Duke Energy is another major player in nuclear energy production in North Carolina, South Carolina, and Florida with 11,350 MW of nuclear capacity. However, the company has a well diversified source of production through coal, oil, natural gas, nuclear and hydroelectric supplies, which have provided it with cushion when nuclear energy has been in a bit of trouble.
As things are moving towards clean sources of energy, Duke Energy has installed a coal gasification plant, which emits 70% less pollutants and 50% less carbon dioxide emission compared to traditional coal-fired plants.

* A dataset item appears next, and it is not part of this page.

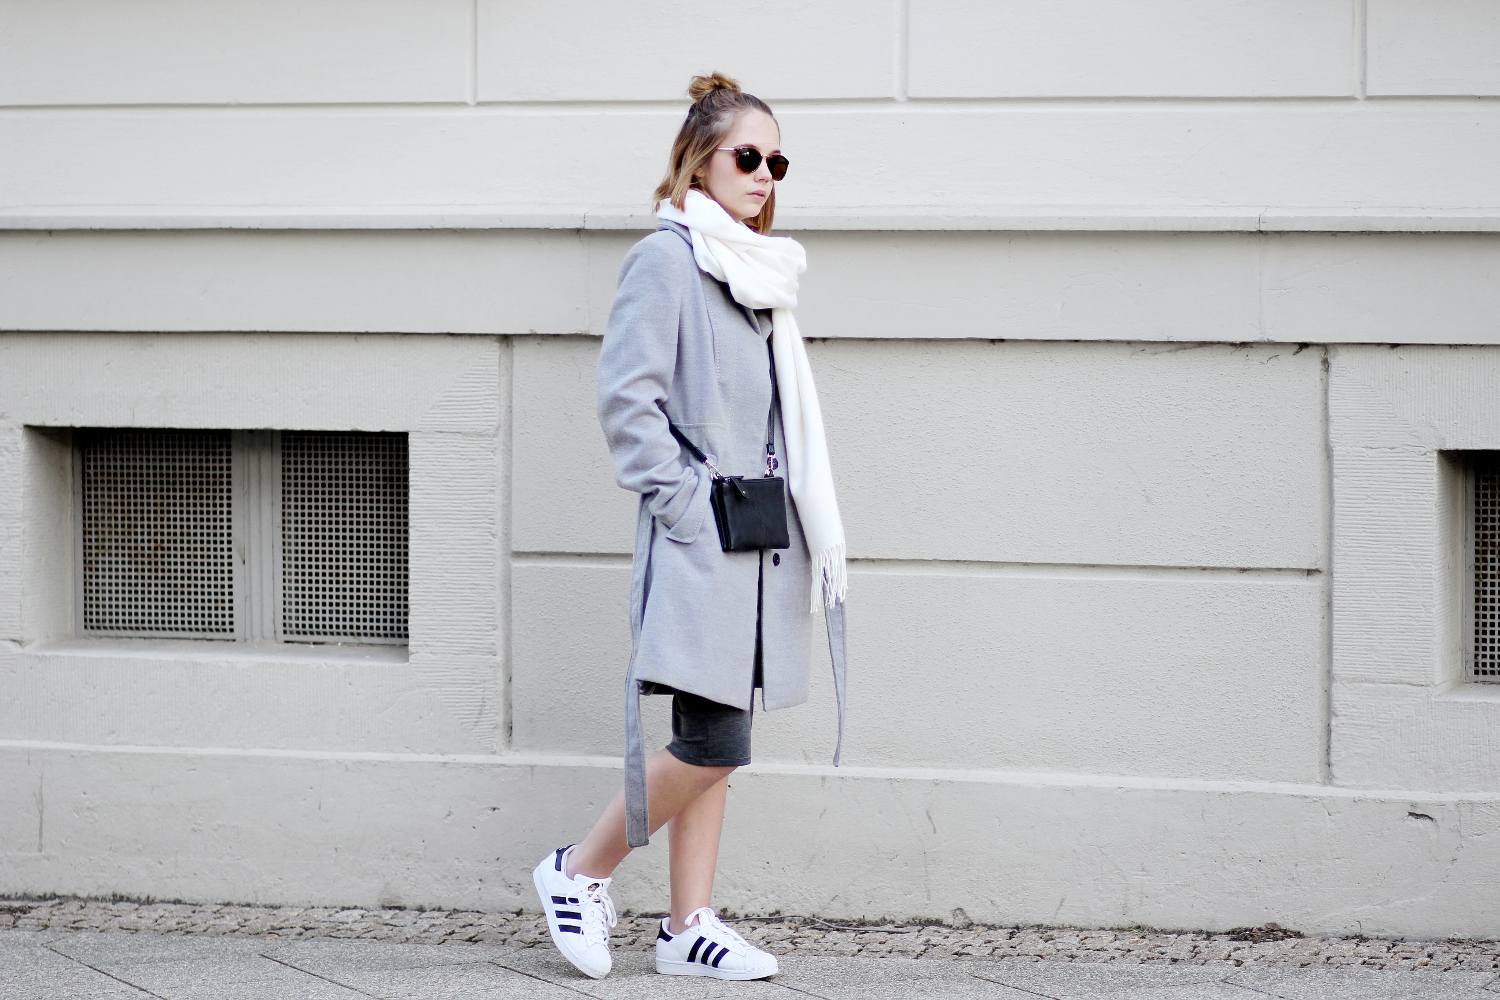 bezauberndenana-fashionblog-outfit-streetstyle-minimalistisch-midi-kleid-zara-grauer-mantel-adidas-superstars-casual
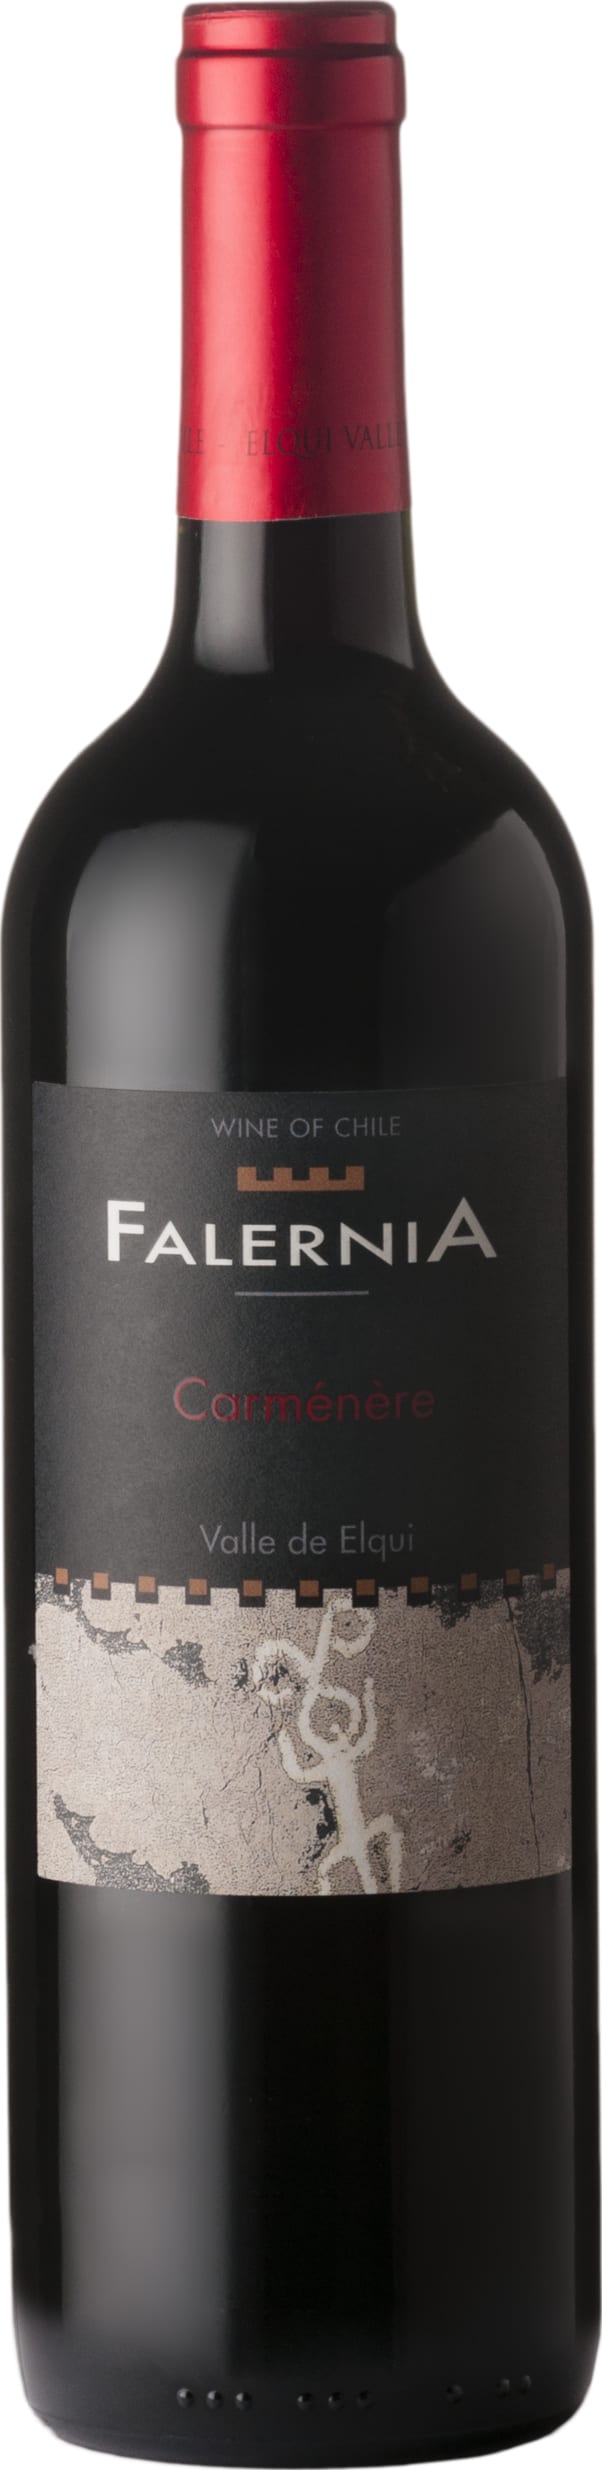 Vina Falernia Carmenere Reserva 2019 75cl - Buy Vina Falernia Wines from GREAT WINES DIRECT wine shop

Moreover, if natural gas prices increase, then these coal plants will become further price-competitive.
Further, Duke Energy received rate case approval on May 30, from North Carolina Utilities commission, which allows an increase in rates of $178.7 million, or 5.5% increase on average for all customers. Despite the increase in approved rate, its rates will remain below the national average, so we should see the increase as a recovery of investments already made to modernize the system.
Currently, in terms of dividend or return in the form of appreciation, Duke Energy and PPL seem to be better choices than Exelon with their diversified energy production options. Among Duke Energy and PPL, I would rate the former as a better investment with a long-term earnings growth rate of 4% to 6%.